In the context of this retrieval task, "queries" represent downstream tasks, and "retrieval targets" represent the pre-trained models.

Queries

Text classification tasks, represented by text/label pairs.

Task Criticality

Every task is additionally labeled with a criticality tier, which determines how much the model performance varies across the different candidate models for that specific task.

  • Low Criticality
  • Medium Criticality
  • High Criticality

Retrieval Targets

A candidate pool of pre-trained BERT models.

Available Data Splits

  • Characteristics: 100 distinct synthetic text classification tasks generated by LLMs.
  • Available Data: Participants have full access to the training data, validation data, and test data (each with text/label pairs) for each task.
  • Ground Truth: The F1 Score of every candidate BERT model (after fine-tuning using the training/validation set and evaluating on the test set) is provided, allowing participants to train their retrieval/ranking systems.
  • Characteristics: 48 real-world classification tasks sourced from Hugging Face.
  • Available Data: Participants only have access to the training and validation data (text/label pairs). The test data is hidden.
  • Objective: For each test query, participants must submit a ranked list of candidate models based on their predicted F1 score on the hidden test data.

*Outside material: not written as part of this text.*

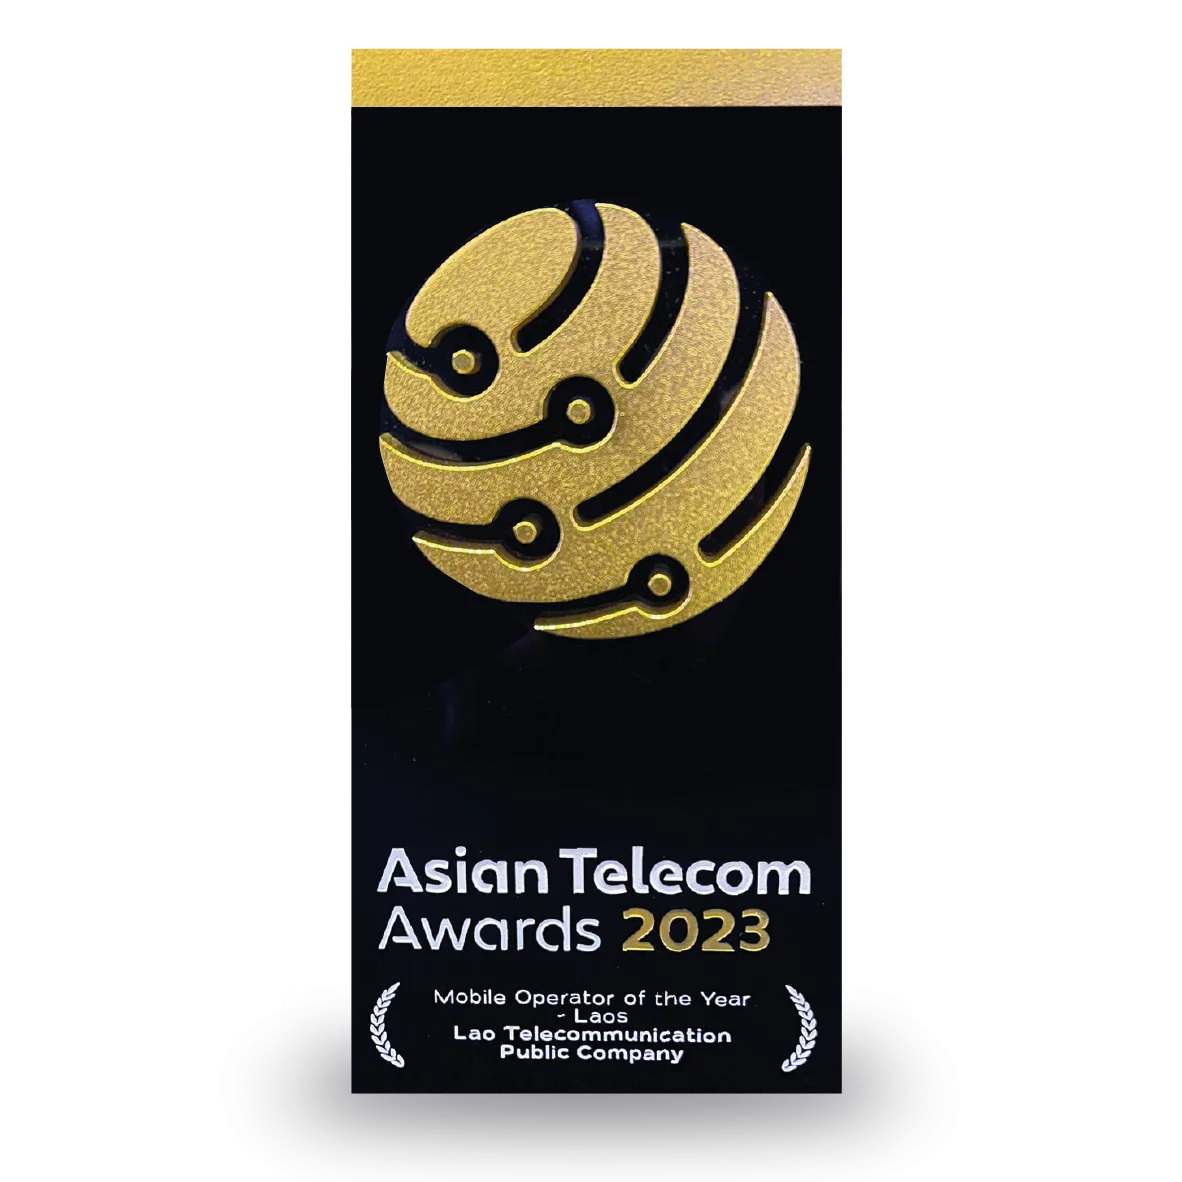 Asian Telecom Awards 2023 - Mobile Operator of the Year

How the dataset was created

For each task, we fine-tuned every candidate model on the training set and used early stopping on the validation set when validation loss did not improve for 10 epochs.

Training setup

  • Learning rate: 2e-5
  • Weight decay: 0.01
  • Optimizer: AdamW
  • Maximum epochs: 1000
  • Early-stopping patience: 10
  • Batch size: 16

3. Evaluation

System submissions will be evaluated as a standard ranking task using graded relevance scores.

Evaluation Metric

Submissions will be evaluated using nDCG@1,3,5

\[\text{nDCG}_k = \frac{\text{DCG}_k}{\text{IDCG}_k}\]

Where the Discounted Cumulative Gain (\(\text{DCG}_k\)) is defined as:

\[\text{DCG}_k = \sum_{i=1}^{k} \frac{2^{\text{rel}_i} - 1}{\log_2(i + 1)}\]

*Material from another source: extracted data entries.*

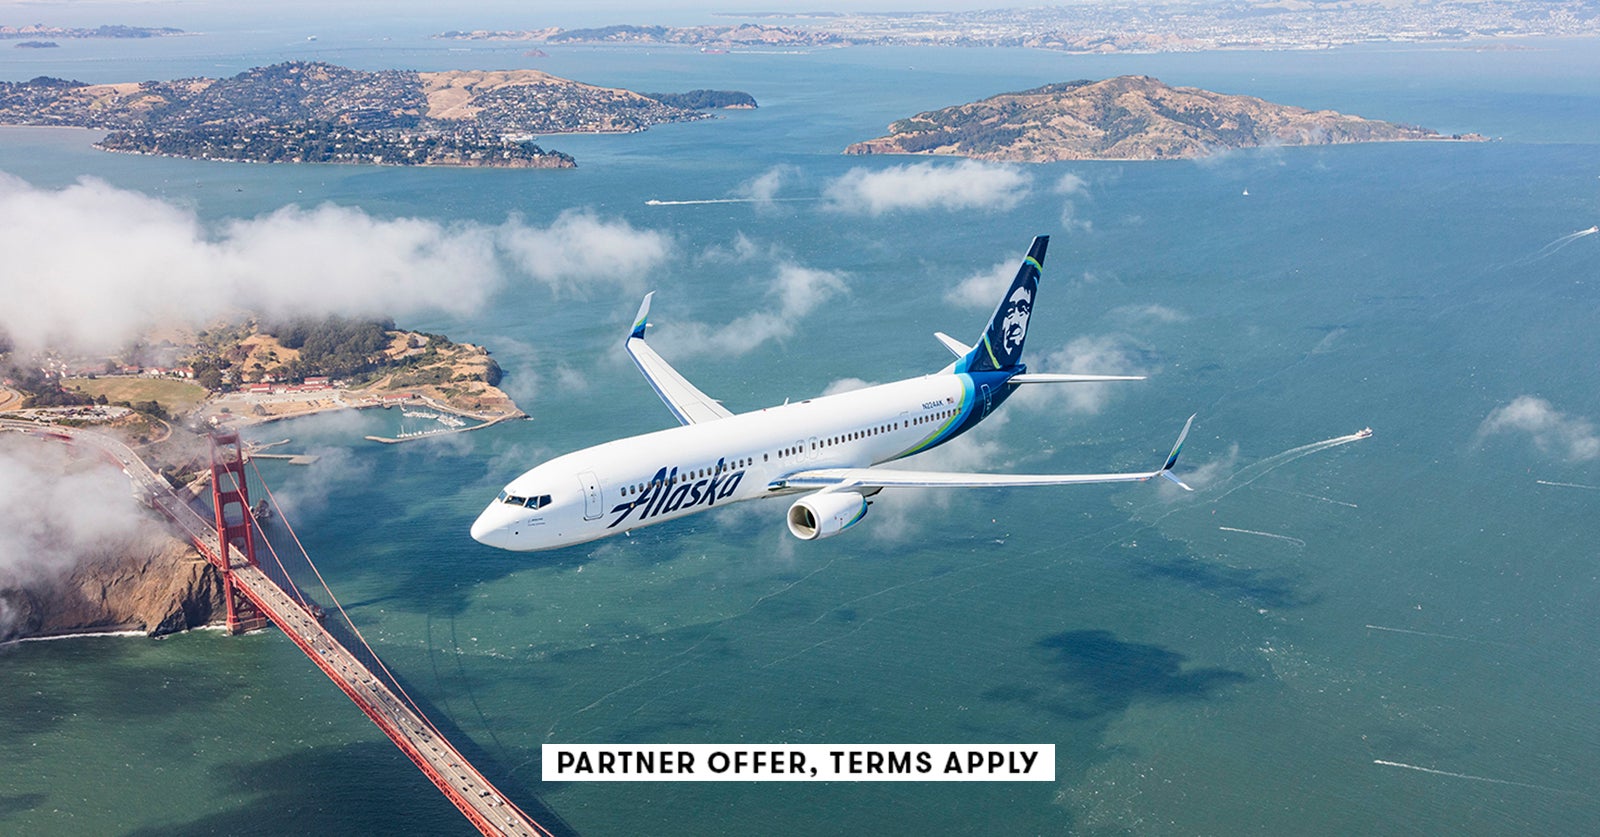 Alaska Airlines Visa Business card review: Good for frequent Alaska business travelers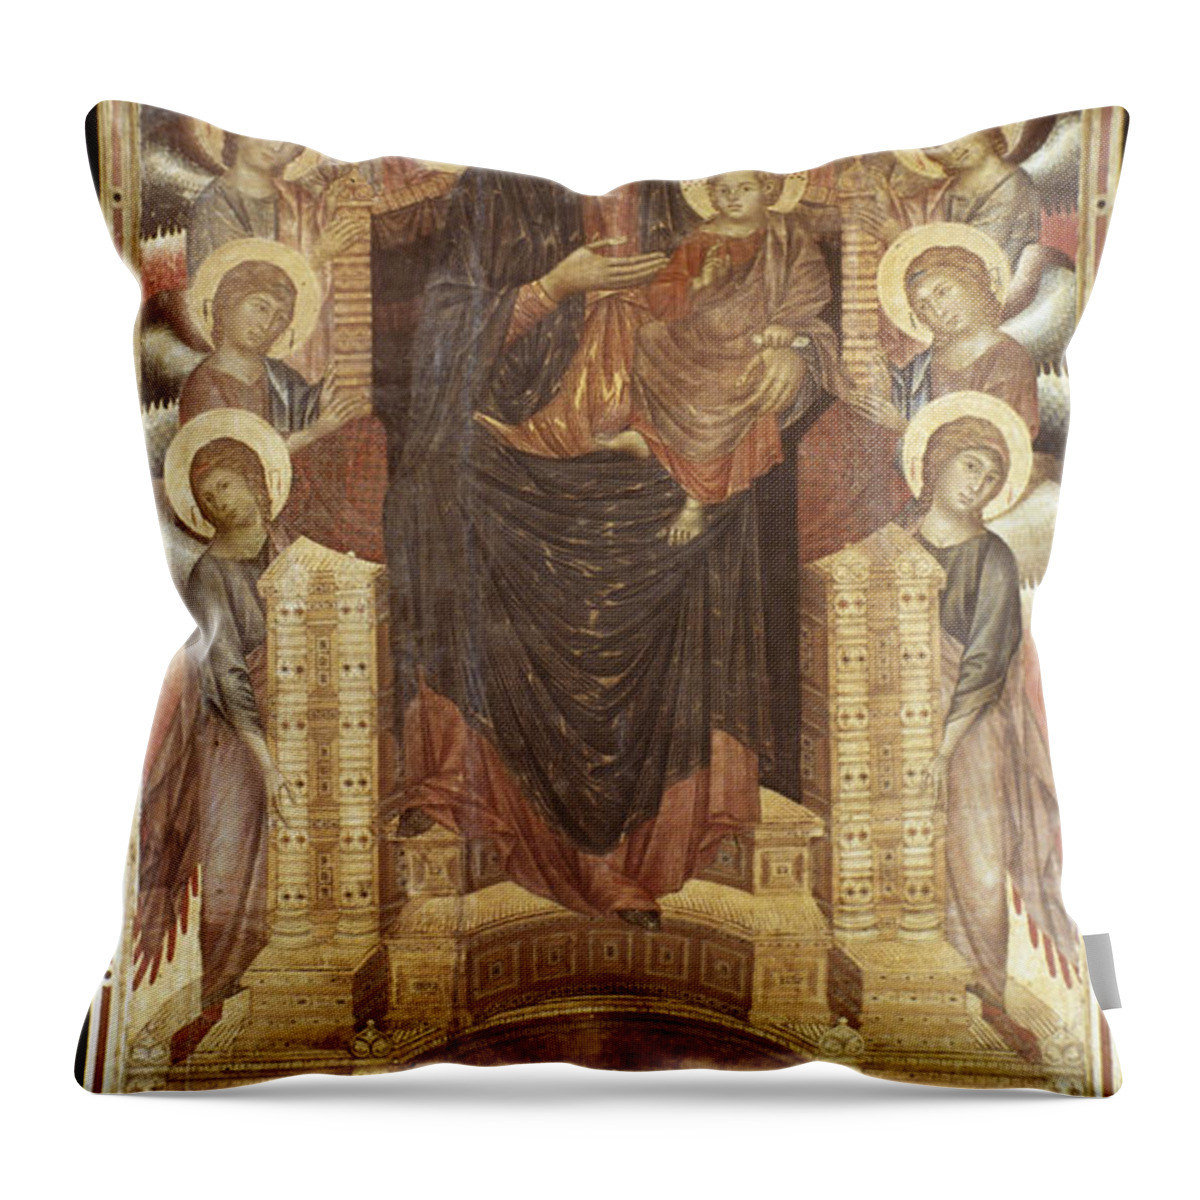 1280s Throw Pillow featuring the photograph Cimabue: Madonna #1 by Granger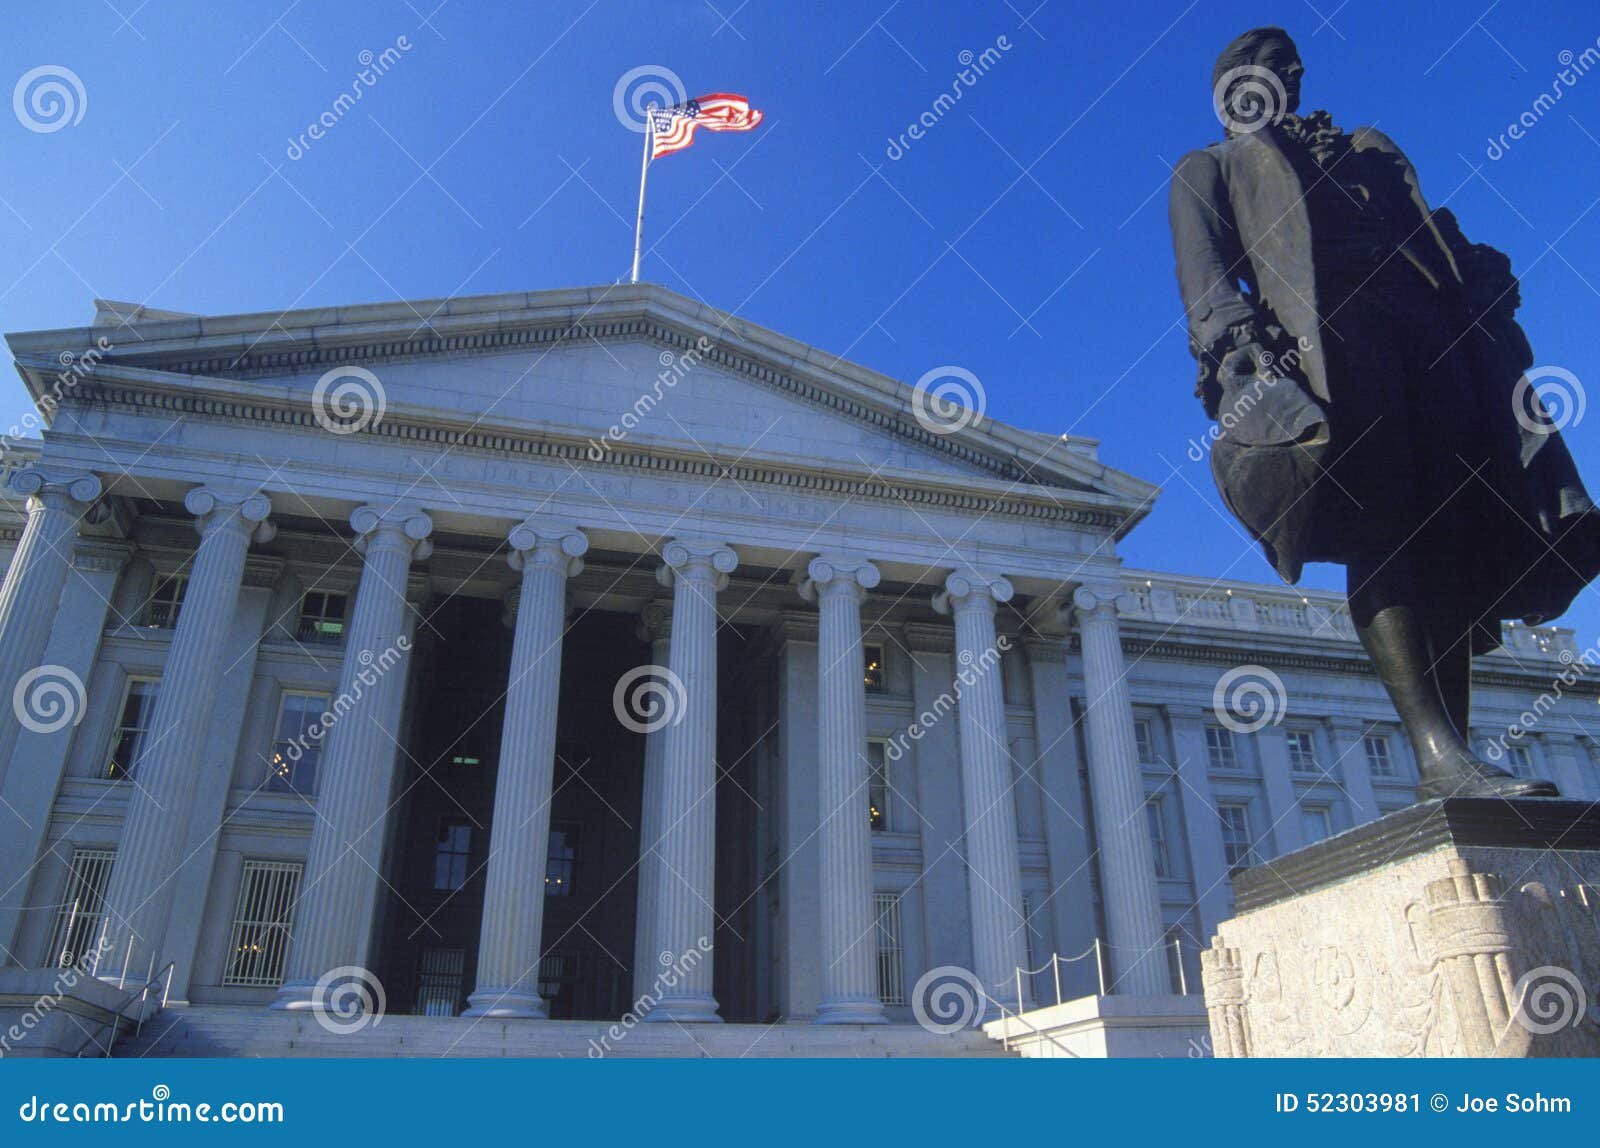 statue of alexander hamilton in front of the united states department of treasury, washington, d.c.

Relevance Score Definition

The "relevance" of a retrieval target (model) for a given query (task) is calculated in two steps based on relative performance:

Step 1: Normalization Calculate the relative_f1 score for each model by dividing its test F1 score by the highest test F1 score achieved among all candidate models for that specific task.

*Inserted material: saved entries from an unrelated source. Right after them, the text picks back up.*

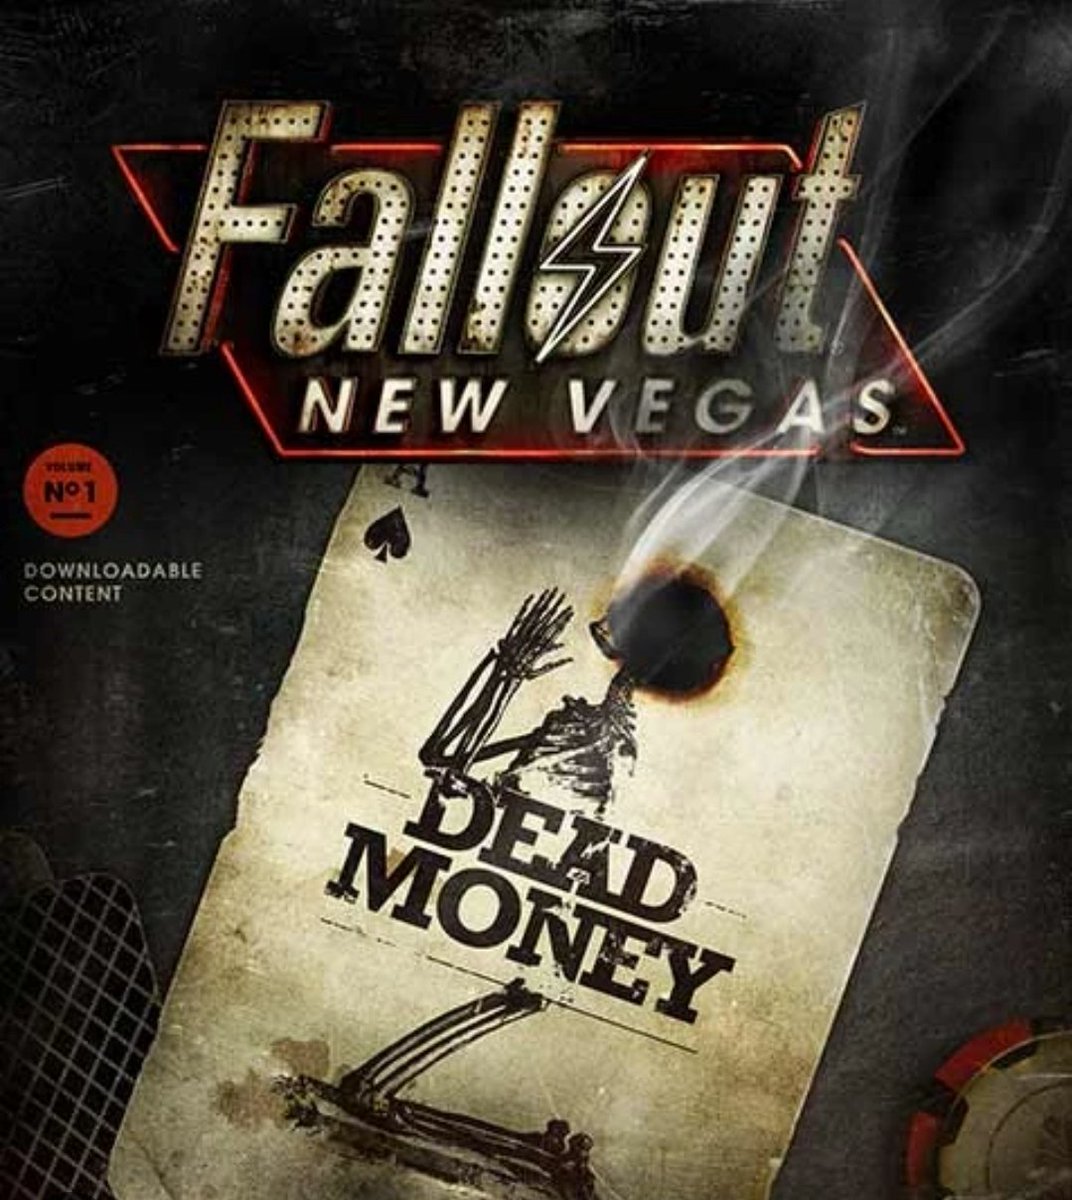 Good morning my beautiful people 💜 let's finish Fallout New Vegas Dead Money 💰. Twitch.tv/Sarah_paradise2 
#FalloutNewVegas
#DeadMoney
#SierraMadre
#Ghost 
#Casino
#Twitch
#TwitchStreamers 
#GamerGirl

Step 2: Relevance Mapping The relative_f1 score is then mapped to a relevance grade:

Condition Relevance Score
\(\text{relative_f1} \le 0.90\) 0 (Not relevant)
\(0.90 < \text{relative_f1} \le 0.95\) 1 (Marginally relevant)
\(0.95 < \text{relative_f1} \le 0.99\) 2 (Relevant)
\(\text{relative_f1} > 0.99\) 3 (Highly relevant)

4. Submission

Participants can submit up to 5 runs, using TREC_EVAL format:

topicID Q0 docID Rank Score RunID
  • topicID: query task ID
  • Q0: fixed string (Q0)
  • docID: model ID
  • Rank: ranking position of the model (Higher is better)
  • Score: predicted score for the model
  • RunID: your run identifier

Example

1 Q0 1 1 0.99 Run01
2 Q0 7 2 0.95 Run01
...

Task B

Subtask B: Image Style Transfer LoRA Model Retrieval

Retrieve and rank the most appropriate Image Style Transfer LoRA models for generating images that match the style of a given query image.


1. Problem Definition

The objective is to map a query image to the most suitable LoRA model from a candidate pool.

  • Input: One query image with the desired style.
  • Output: A ranked list of candidate Image Style Transfer LoRA models, sorted in descending order by their expected ability to generate images in the desired style.

2. Dataset Information

In this retrieval setting, "queries" are images with desired styles, and "retrieval targets" are Image Style Transfer LoRA models.

Queries

One desired-style image per query.

Retrieval Targets

A candidate pool of Image Style Transfer LoRA models.

Available Data Splits

  • Size: 3740 images.
  • Labels: Ground-truth LoRA model labels are provided.
  • Relevance Setup: Each image has one positive model label; all other candidate models are treated as non-relevant (0).
  • Size: 3825 images.
  • Labels: Hidden.

How the dataset was created

We collected 89 public-domain portrait images from Unsplash as content images and 85 Image Style Transfer LoRA models (SDXL 1.5) from Civitai. We then generated images for every content-image and model pair.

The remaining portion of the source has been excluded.